33 Парадоксальному моралисту Достоевскому адвокатская братия неприятна тем, что, насмехаясь над совестью, каузальными выкладками стушевывает и выгораживает зло. «Вот человек совершил преступление… он готов сознаться, но является адвокат и доказывает, что он не только прав, но и свят» [Достоевский, 1999: 152]. Факты податливы к интерпретации. Целевая причина (обвинить или оправдать) делает эту податливость удручающей: невиновный — обвиняется, злоумышленник — оправдывается.

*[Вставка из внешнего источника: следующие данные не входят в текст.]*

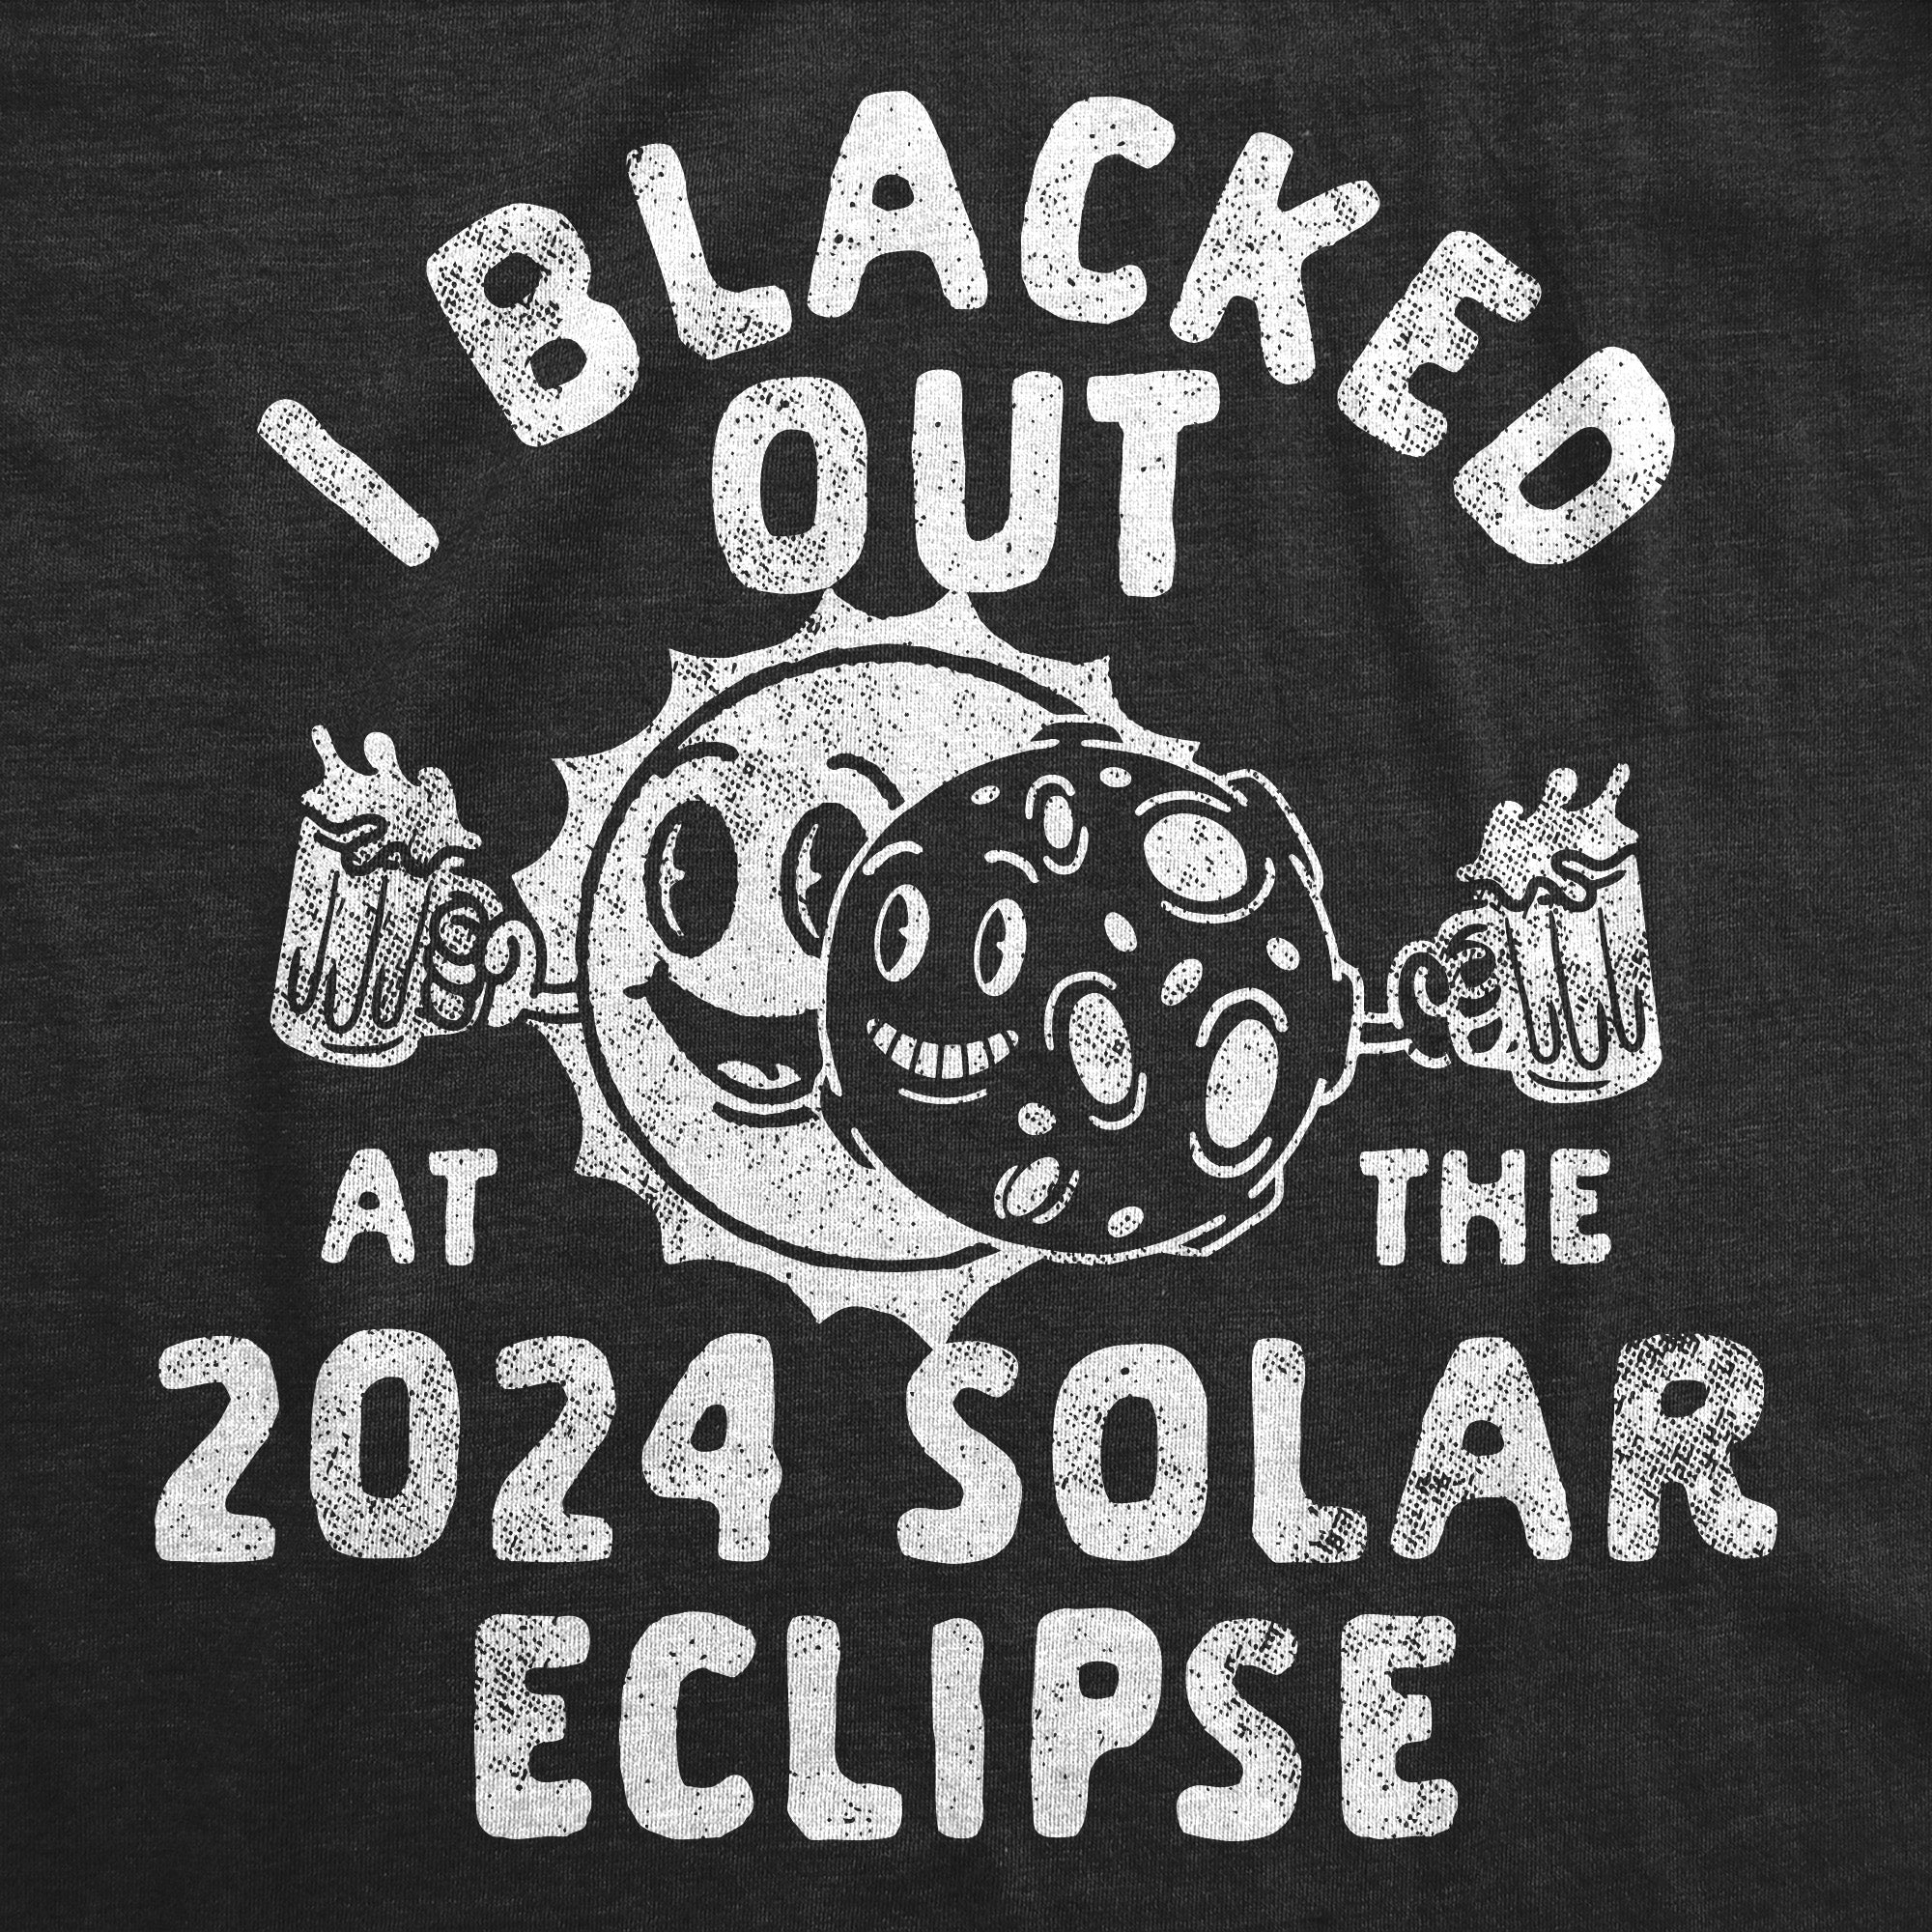 Funny Heather Black - 2024 Solar Eclipse I Blacked Out At The 2024 Solar Eclipse Mens T Shirt Nerdy Drinking sarcastic Tee

34 Метафизическая связь зла и каузальности констатируется и в «Догматическом богословии» В.Н. Лосского. Он, что симптоматично, называет ветхозаветного Адама первым детерминистом [см.: Лосский, 1991: 253]. Тот в ситуации с запретным плодом перекладывает ответственность за свой поступок на жену, которая получена им от Бога, а стало быть, по цепочке — и на самого Бога. В трактовке Лосского-младшего, зло не имеет ни природы (все природы от Бога и потому не могут быть злы), ни сущности (если ту отличать от природы), но вместе с тем зло и не фикция, не одна лишь умаленность–пассивность (зло жизненно реально и активно). Оно, по мысли теолога и религиозного философа, есть состояние природы; точнее, определенное состояние воли той природы, что взбунтовалась против Бога. Таким образом, «зло относится к перспективе не сущностной, а личностной» (небесспорный, но концептуально емкий тезис), и «начало зла коренится в свободе твари» (а это уже малопродуктивный догмат, девальвирующий сильнейшее утверждение о злосчастности каузальных претензий и оправданий) [см.: там же: 251].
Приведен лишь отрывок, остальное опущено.